1 Is inflation good, bad or neutral?

Growth sounds good. It is hard to imagine a politician arguing against jobs. There are more people working in the field than ever before, and they are publishing more and more, and creating more and more value. Fortune 500 companies (e.g., Google, Apple, Amazon, Facebook, IBM) are paying attention to what we do. What could be wrong with that?

I worry that we are all under too much pressure to publish too much too quickly. (Whatever you measure you get.) Students are graduating these days with more publications than what used to be expected for tenure. So many people are publishing so much that no one has time to think great thoughts, or take time to learn about things that may not be directly relevant to the next publication. I recently attended a workshop where senior people were encouraging people to take more time to write better papers, and students were pushing back, explaining the current realities: publish (every month) or perish.

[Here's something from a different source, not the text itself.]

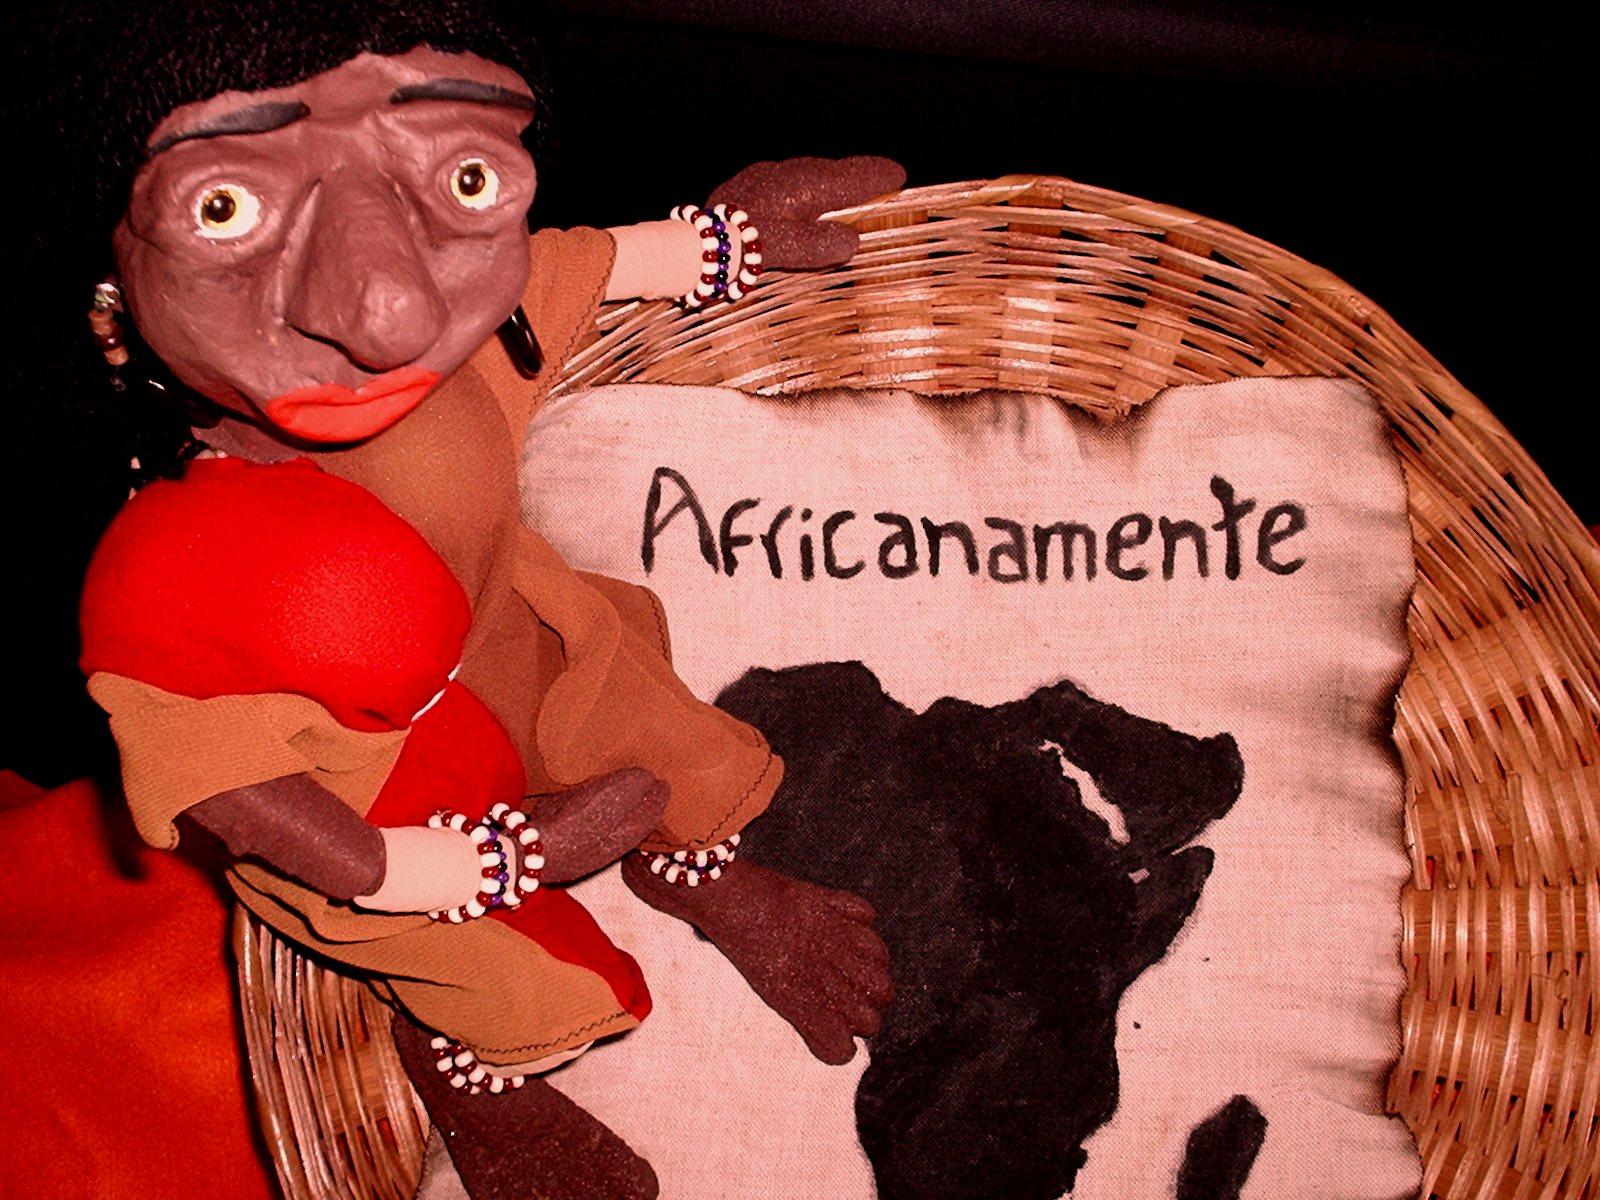 Africanamente

Fernando Pereira recently published a blog postFootnote 1 on the history of the field in response to a post by Yoav Goldberg.Footnote 2 I will bring the discussion back to growth rates shortly, but let me first mention a few highlights that resonate with some of my Emerging Trends pieces.

Yoav Goldberg started the discussion by complaining about a particular arXiv paper, and more broadly about a tendency for certain ‘deep learning’ papers to overstate results in areas that they do not know much about. I will not talk about the particular paper in question, but we have all been frustrated by papers that claim to have more than they have, and disrespect a field with a lack of knowledge/appreciation for the background literature. I agree that it is ok to reject the classics, but not without reading them.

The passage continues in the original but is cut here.